5 Tage Uwe Kli­maschefski
Am 31. März 1990, einem Samstag, tritt Darm­stadts Coach zurück. Am Montag wird Kli­maschefski geholt. Am Mitt­woch ver­liert das Team mit 0:2 in Bay­reuth. Am Freitag sagt Kli­maschefski, dass er mit dieser Mann­schaft nicht an den Klas­sen­er­halt glauben kann“ und tritt zurück. Kom­mentar von Prä­si­dent Walter Kröger: Die Ereig­nisse dieser Woche sind ganz nor­male Vor­gänge im Pro­fi­ge­schäft.“

1 Tag Heinz Höher
Nach acht Jahren ohne Job kam Höhers große Chance am 17. Oktober 1996: Lübeck ent­ließ Michael Lor­kowski, und nur Stunden später lei­tete Höher schon das Trai­ning – bis er plötz­lich zusam­men­brach. Zunächst glaubte man an einen Herz­an­fall, aber bald gestand Höher, dass er nur zu viele Pillen („acht Kap­seln“) gegen sein Alko­hol­be­dürfnis“ geschluckt hatte, jeweils auf nüch­ternen Magen“.

15 Stunden Paul Breitner
Eines Abends im Sep­tember 1998 ruft DFB-Prä­si­dent Egi­dius Braun den E‑Ju­gend-Trainer des TSV Brunn­thal an („Papa, ein Herr Braun ist dran!“) und fragt ihn, ob er Team­chef der Natio­nalelf werden möchte.
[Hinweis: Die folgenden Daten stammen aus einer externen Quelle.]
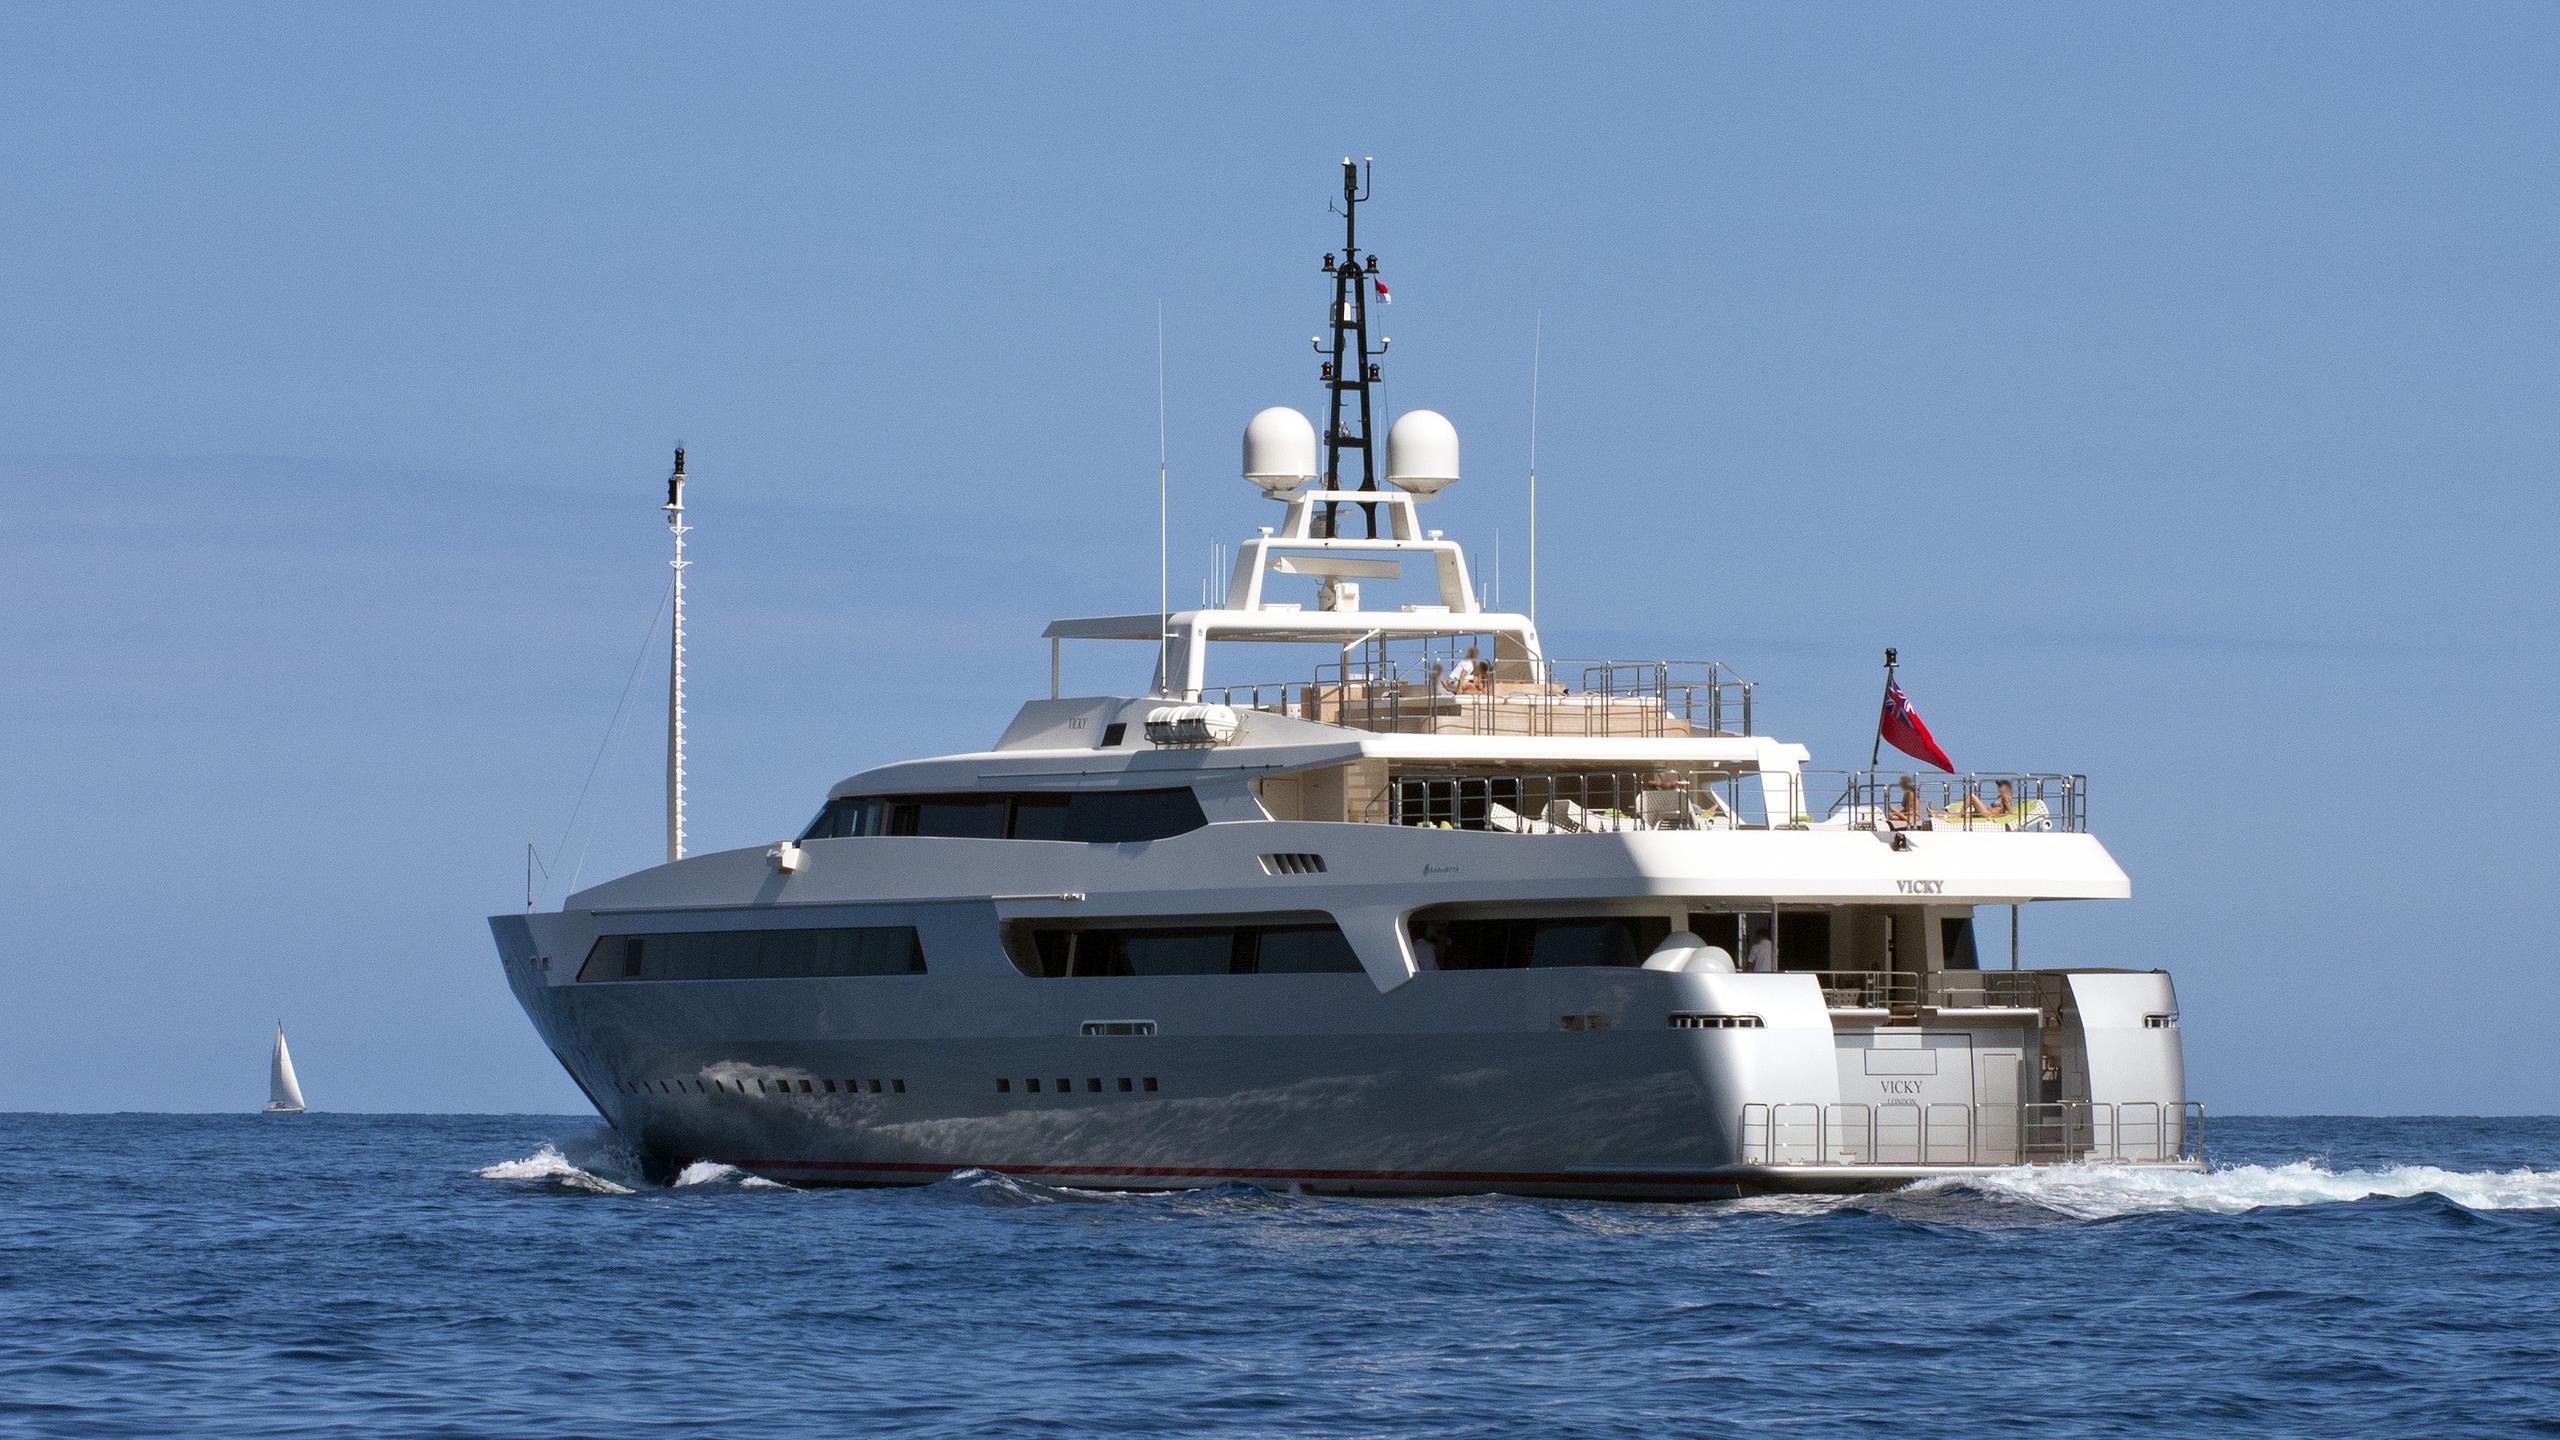 vicky-motor-yacht-baglietto-2008-59m-stern-half-profile

Der Trainer möchte. Um 22 Uhr ruft Braun noch mal an („Herr Breitner, Sie ziehen doch nicht zurück?“). Am nächsten Vor­mittag kommt der dritte Anruf: Ver­gessen Sie alles.“

10 Minuten Leroy Rose­nior
Es wird schwierig sein, den aktu­ellen Rekord­halter für die kür­zeste Amts­zeit eines Trai­ners vom Thron zu stürzen, denn der damals 42-jäh­rige Rose­nior verlor am 17. Mai 2007 seinen Job, noch wäh­rend er der Presse vor­ge­stellt wurde. In jenen Minuten wech­selte der eng­li­sche Fünft­ligist Tor­quay den Besitzer, und die neuen Eigen­tümer hatten einen anderen Mann für den Posten im Auge.